**MATERIAL SUPPLIED**
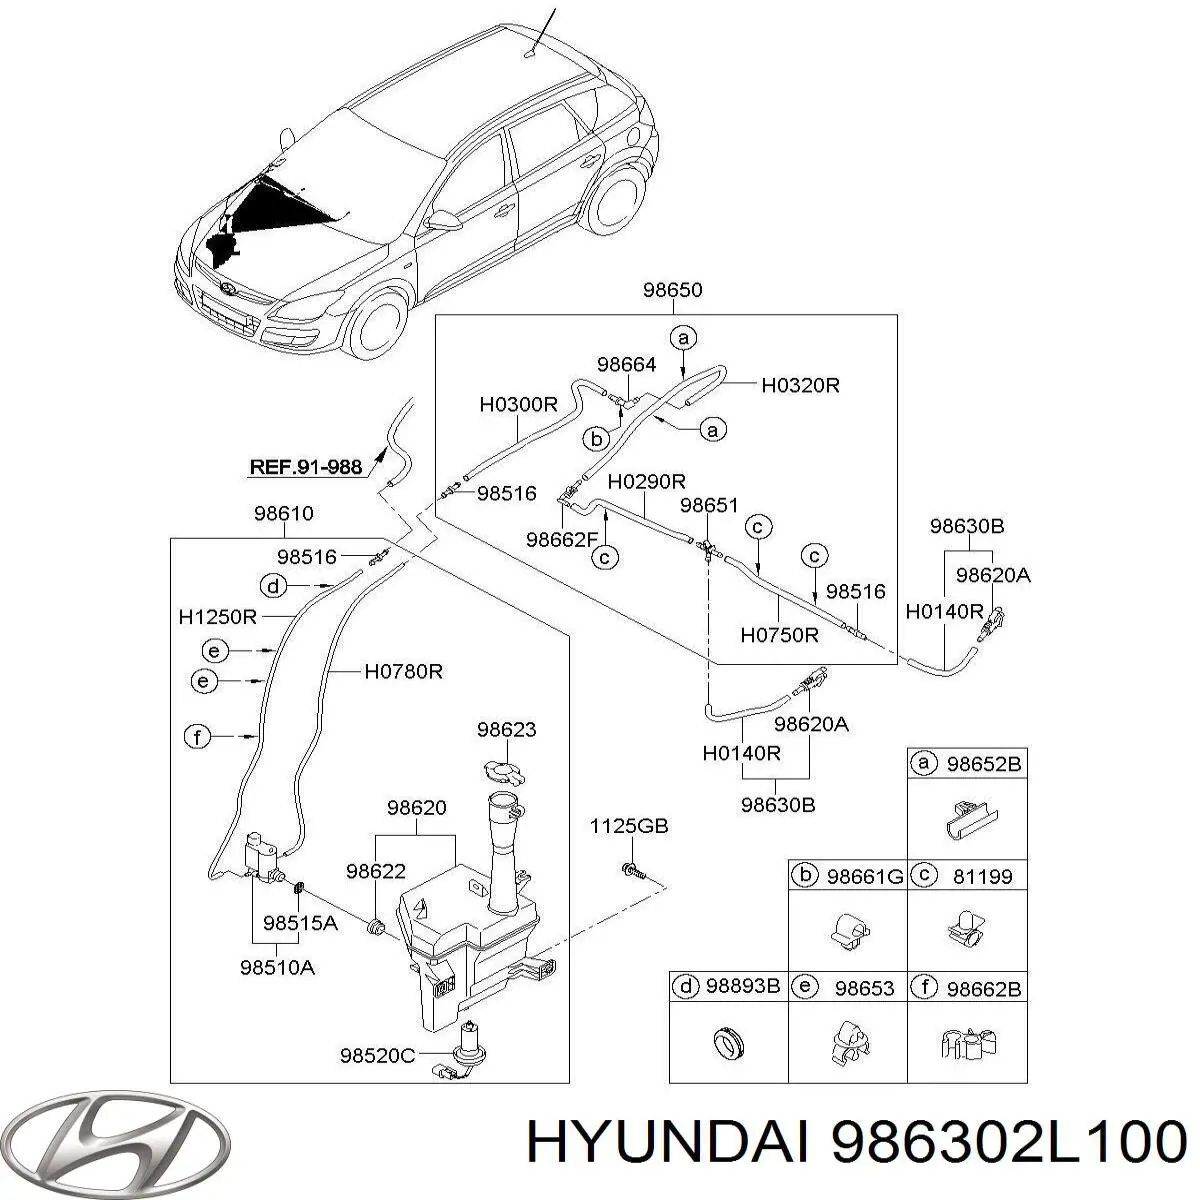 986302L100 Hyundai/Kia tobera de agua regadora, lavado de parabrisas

---

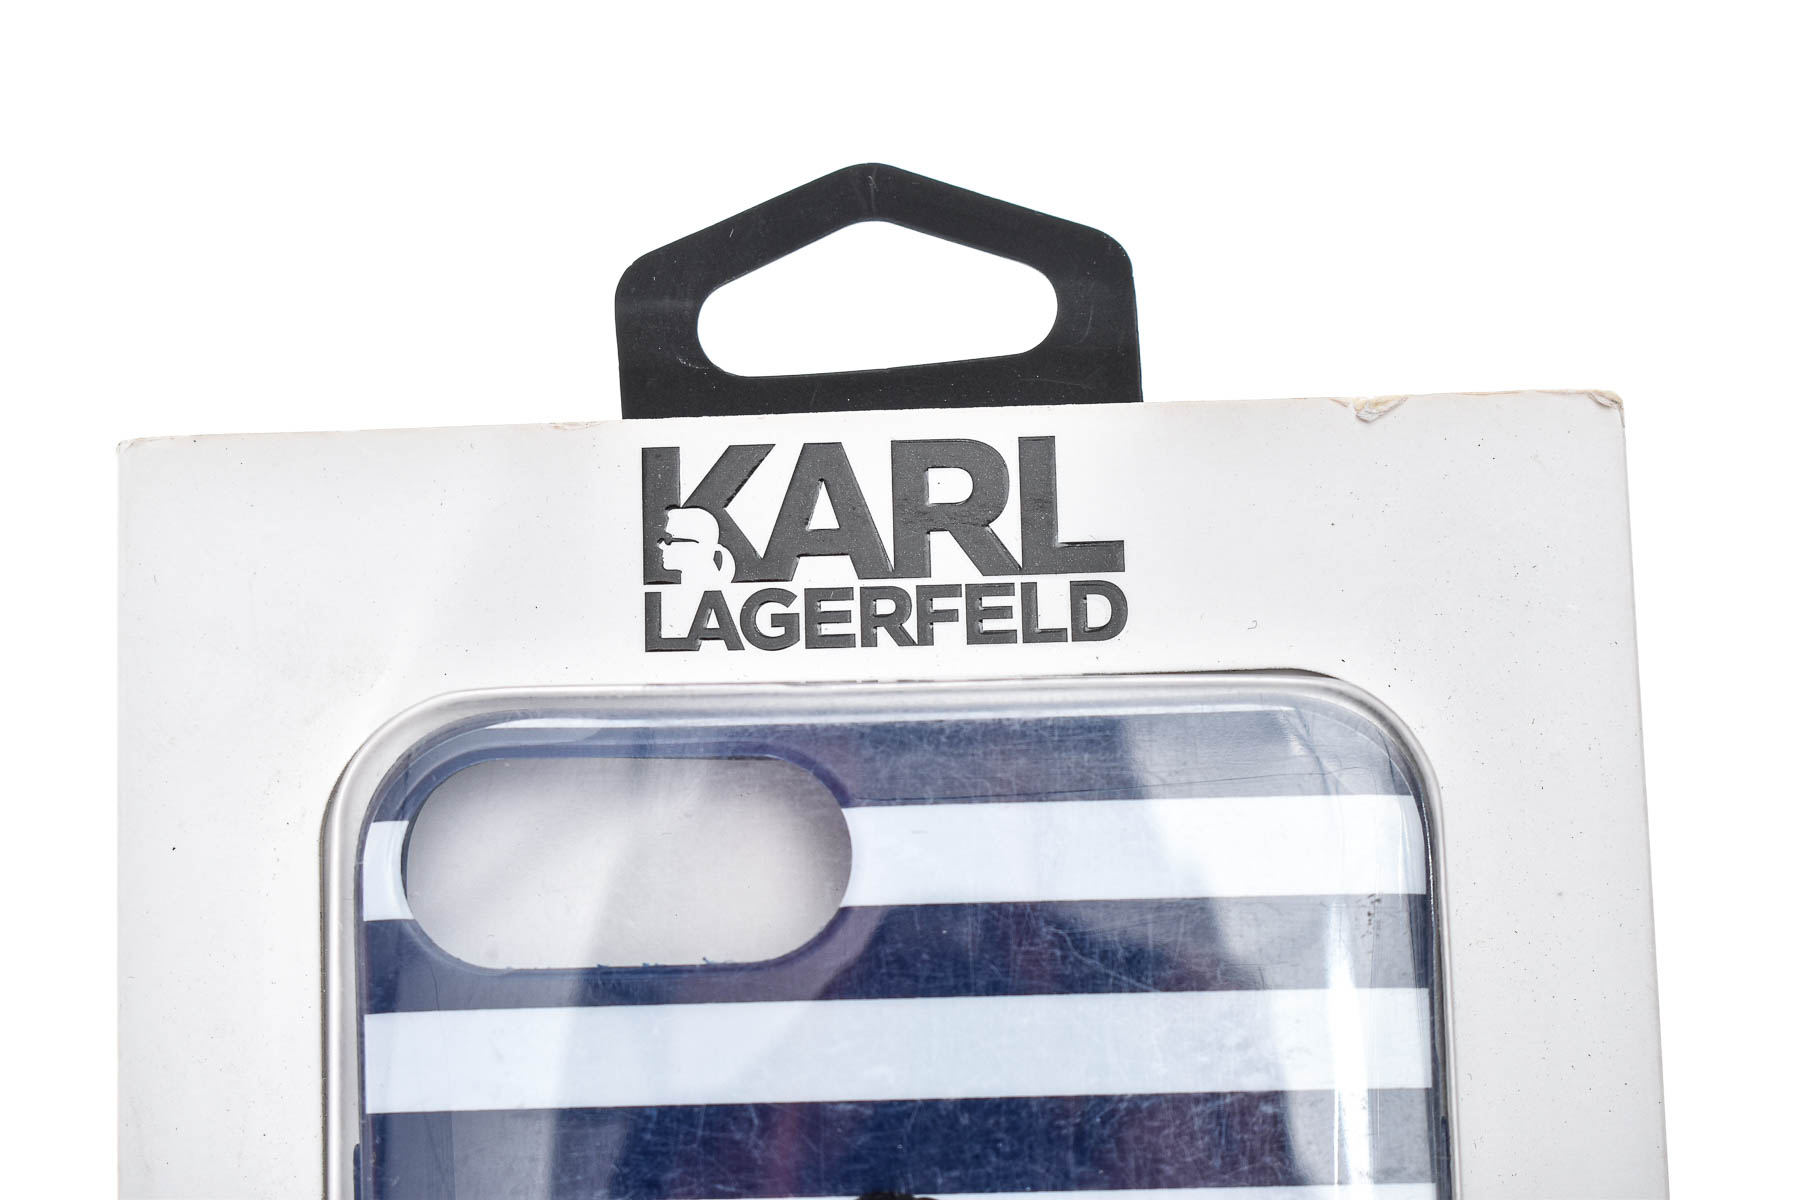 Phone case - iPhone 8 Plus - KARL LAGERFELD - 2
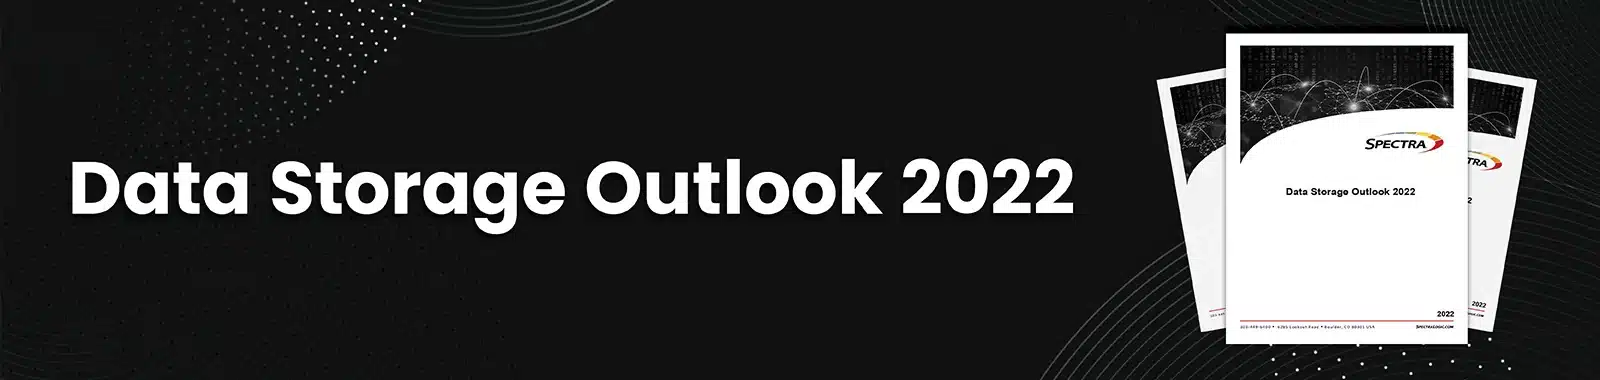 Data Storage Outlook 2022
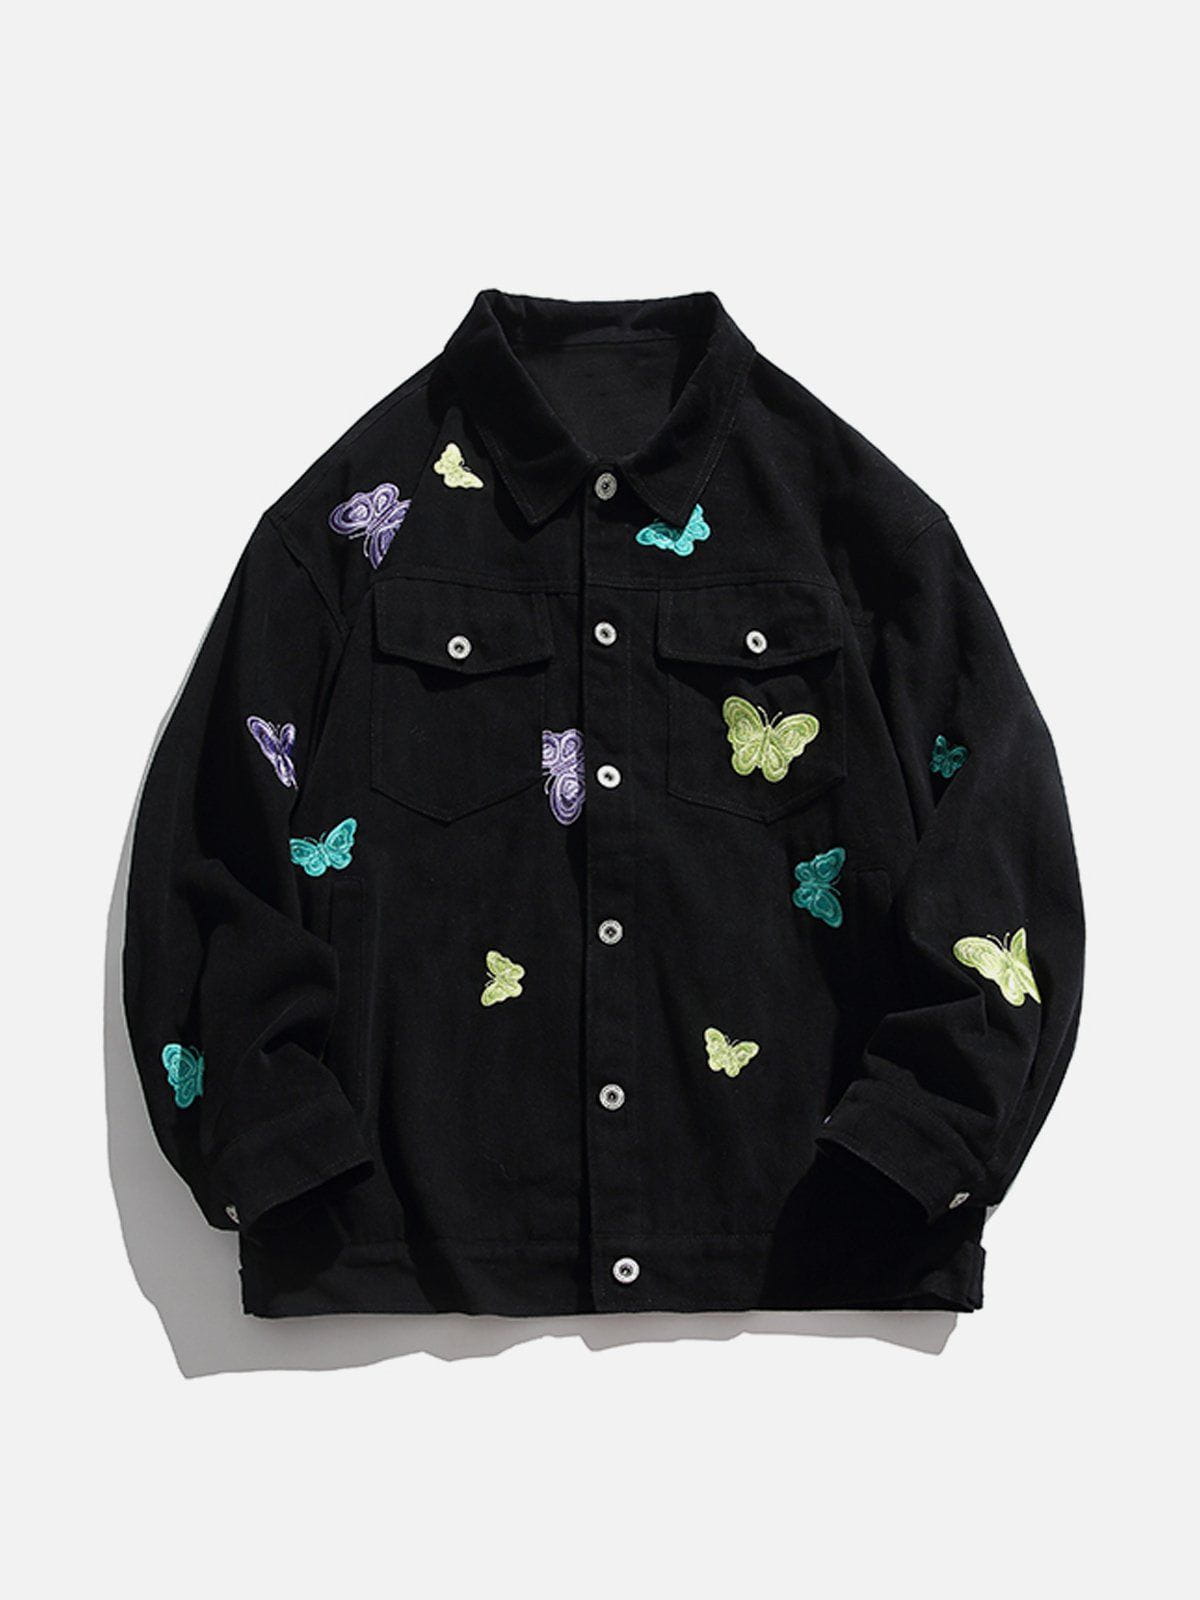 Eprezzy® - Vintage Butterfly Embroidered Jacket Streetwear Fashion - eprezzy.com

--

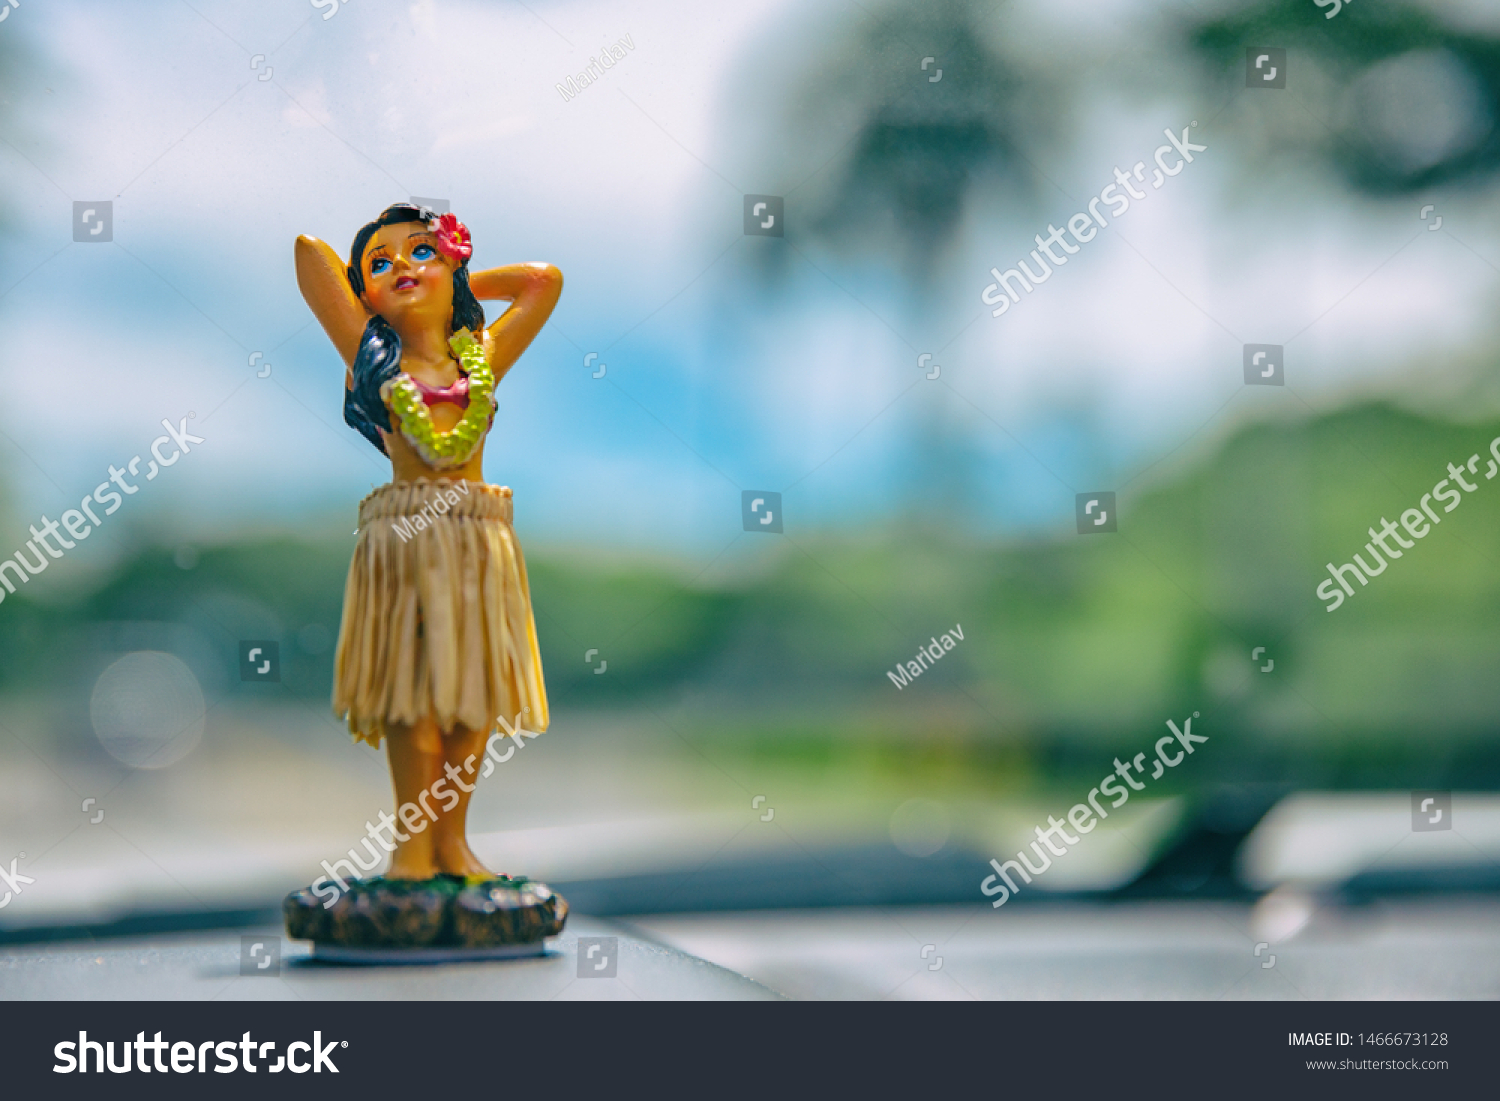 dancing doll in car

**EXERCISE AIM**
Among the entries above, find the line with "Phone case - iPhone" and repeat exactly from there through the line with "Eprezzy® - Vintage", leaving out the pictures.

**SOLUTION BELOW**
 Phone case - iPhone 8 Plus - KARL LAGERFELD - 2
 Data Storage Outlook 2022
 Eprezzy® - Vintage Butterfly Embroidered Jacket Streetwear Fashion - eprezzy.com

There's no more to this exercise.